To continue with a metrics store, part II
‘Why do we have X as a revenue in the report A and Y, in application B?’ You start digging and realize that in the first case, the analyst used the invoice date to recognize the revenue, while the finance department used the first payment date.
You could use different ways to align data/metrics across other data products, e.g. to create summary tables with pre-calculated measures or use a metrics store/headless BI/semantic layer. And metrics store will be the focus of this article.
I’ve already done my first try with Cube dev in Part I at https://dev.to/eponkratova/getting-started-with-metrics-store-547i but I was eager to try a different platform to see another way to build up relations between datasets. After playing with Metriql, I decided to focus on MetricFlow, an open-source metric creation framework launched by Transform — later to be acquired by dbt Labs — in 2022.
Getting ready
- To be to compare ‘apples with apples’, I would use Redshift, a cloud-based data warehouse solution offered by AWS — read more on setting up Redshift at Getting started.
2. Create a role in your Redshift account. Note that a user should be able to create table(s) and query tables in your data warehouse.
create group transform;
create user yourUser password ‘yourPassword’ in group transform;
grant create on database dev to group transform;
grant select on all tables in schema information_schema to group transform;
grant select on all tables in schema pg_catalog to group transform;
grant select on all tables in schema public to group transform;
3. Redshift provides with a public ticket data set that you can use for this project. As per https://docs.aws.amazon.com/redshift/latest/dg/c_sampledb.html, the data set contains two fact — sales and events — and five dimensions tables — date, category, users, listing, and venues. I already identified the metrics to be computed — revenue, number of tickets sold that could be extracted from the sales table — to be split by a username that could be extracted from the users table.
How to do it
The Transform’s website states, ‘At its core, it [MetricFlow] is a Python library that includes a metric spec, model parsing from YAML files, and APIs to create and execute metric logic.’ For this project, I’ve created a conda virtual environment personalproject
to keep all project library dependencies together.

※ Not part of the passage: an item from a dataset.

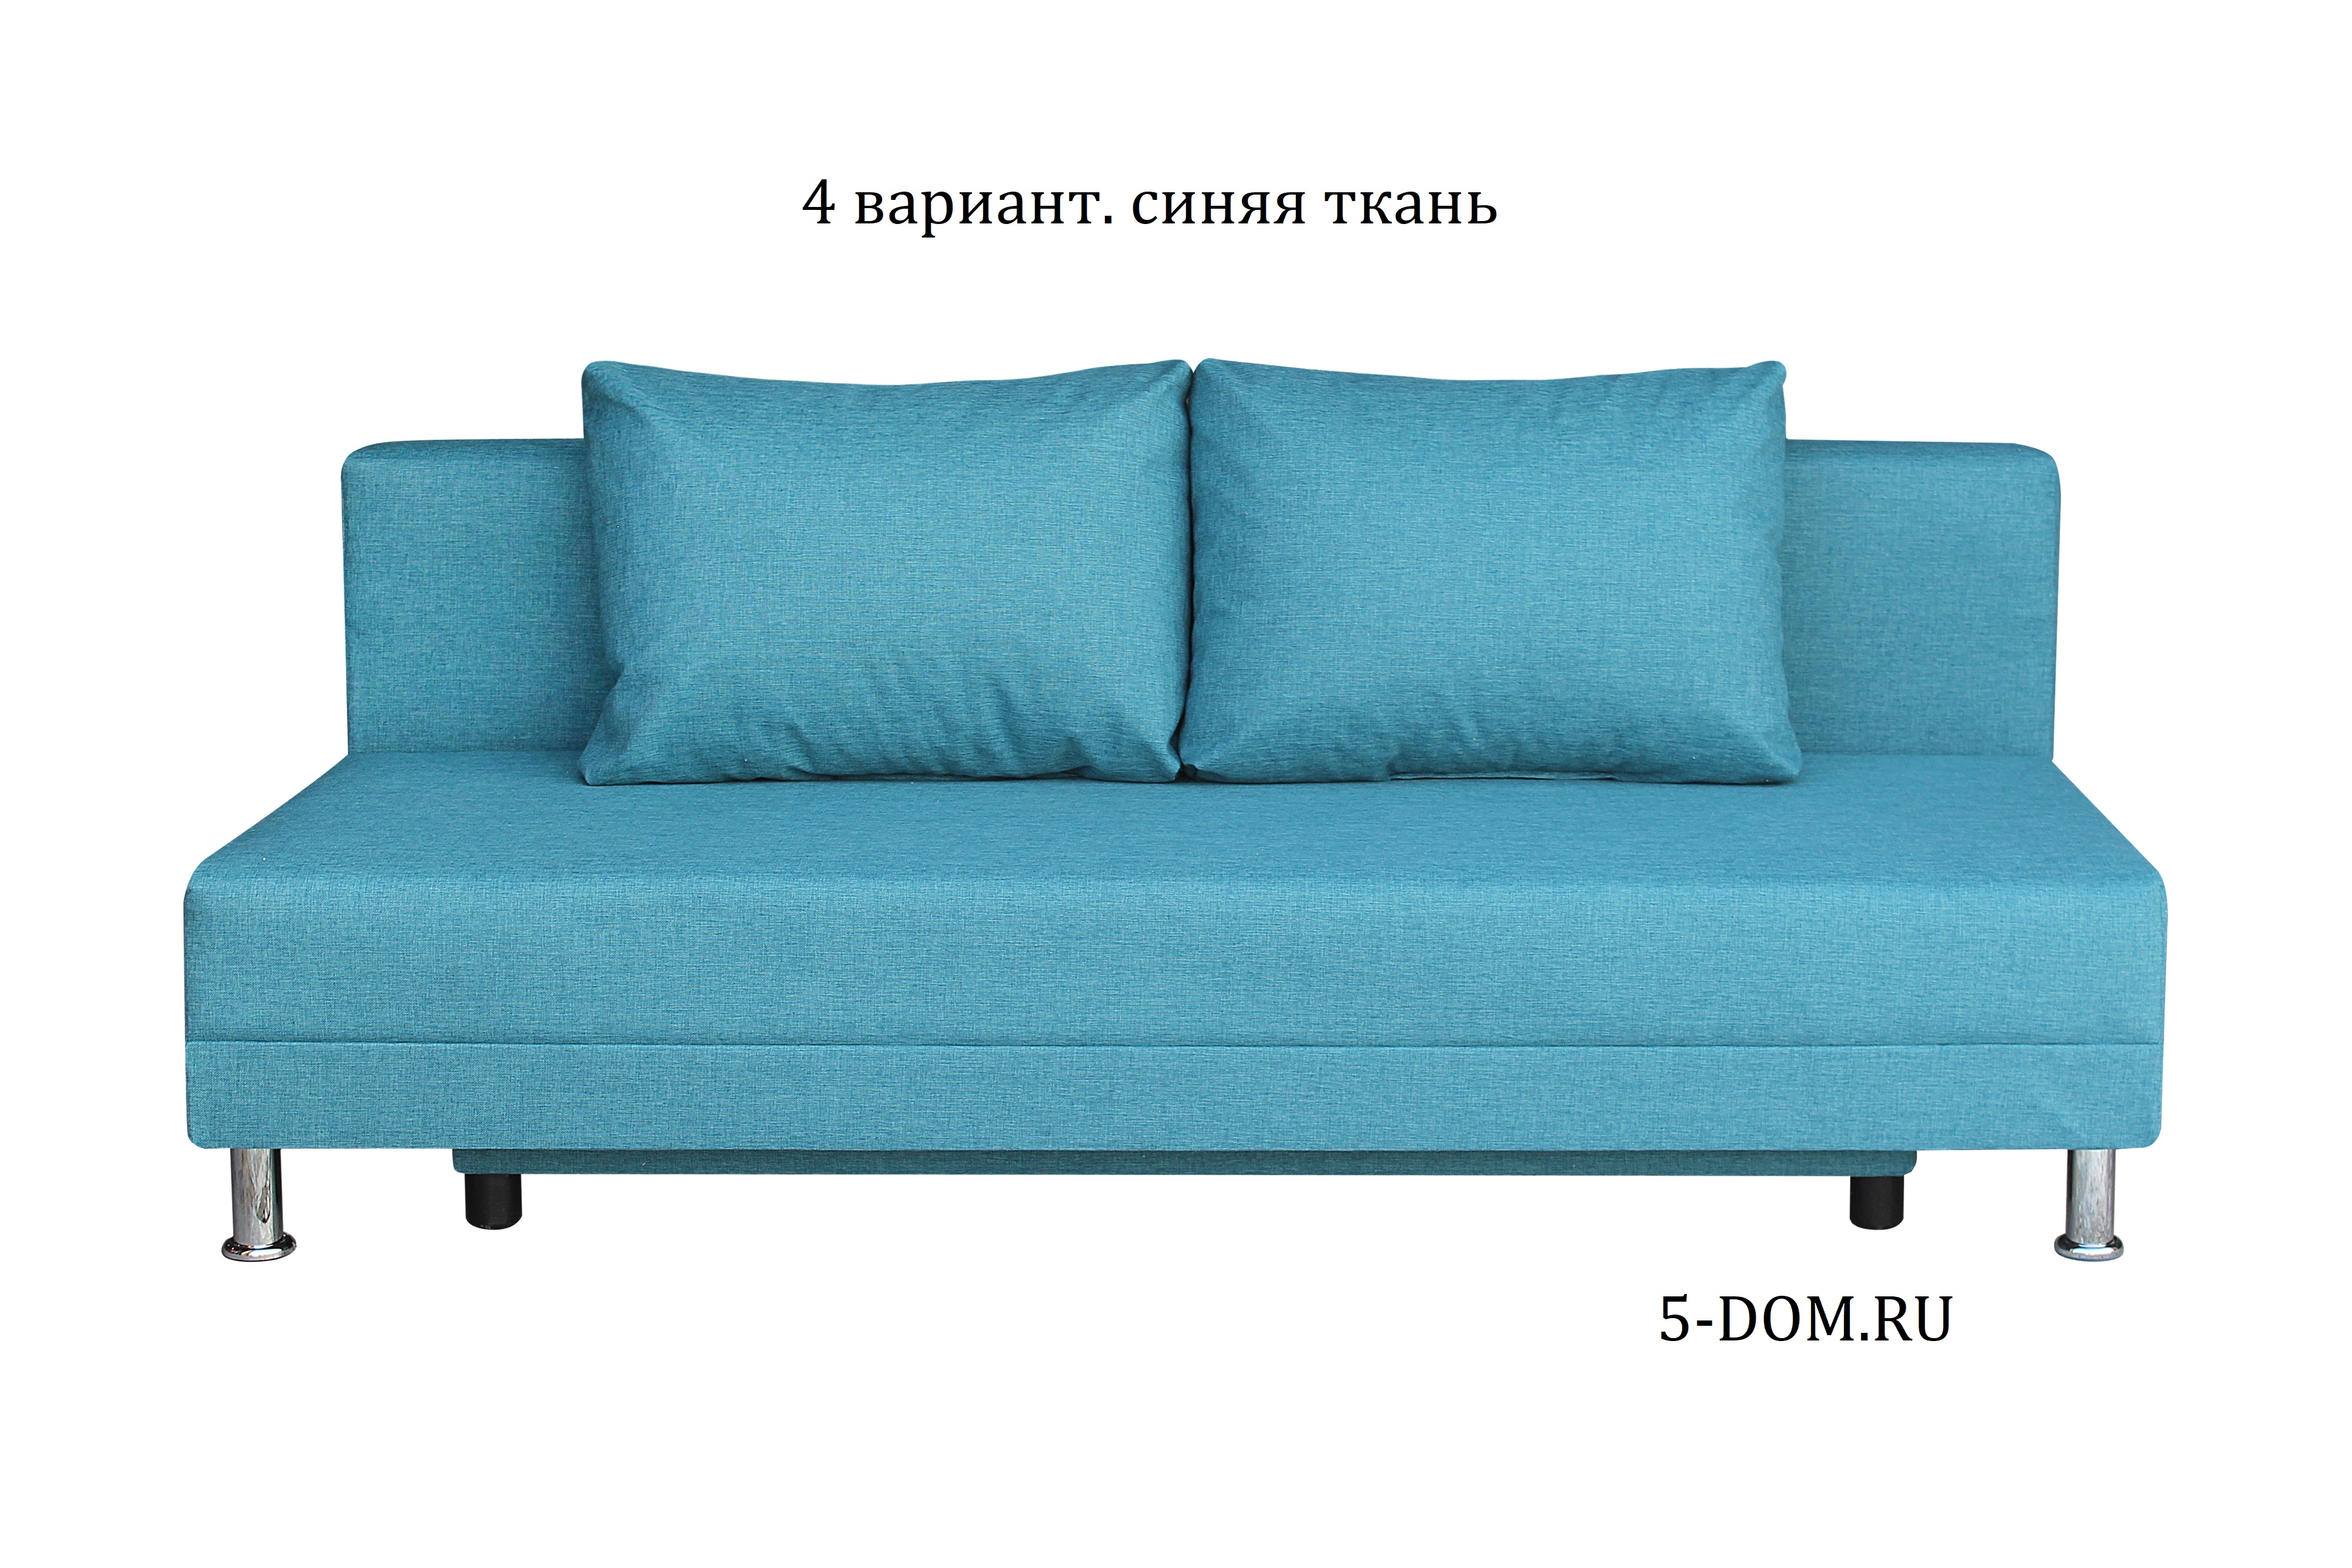 Диван-кровать комфорт без подлокотников Baltic Azure (2 подушки)

1. Run pip install metricflow
in any command-line / terminal. Lesson(s) learned: you need to have a version of Python >=3.8 and Python < 3.10.
2. Then, run mf setup
and select the data platform you want to connect — bigquery, databricks, duckdb, postgresql, redshift, or snowflake. Depending on the selected dialect, a template config file will be created in {HOME}/.metricflow/config.yml
— in my case, it was located in C:\Users\katep\.metricflow\config.yml
.
Usually, you grant permissions in Redshift on a per-schema basis, and it would bite you when you run mf health-checks
in your CLI to validate the data warehouse connection as MetricFlow will try to create a random test schema with test tables. Lesson(s) learned: specify the desired schema name, e.g. dwh_schema: ‘metricflow’
and then, grant the permissions on that schema to avoid the permission error. C:\Users\katep\.metricflow\config.yml
dbt_cloud_service_token: ‘’ # The dbt service token to access the metadata for the dbt cloud job. Needs a minimum of Metadata API access for the desired dbt job’s project.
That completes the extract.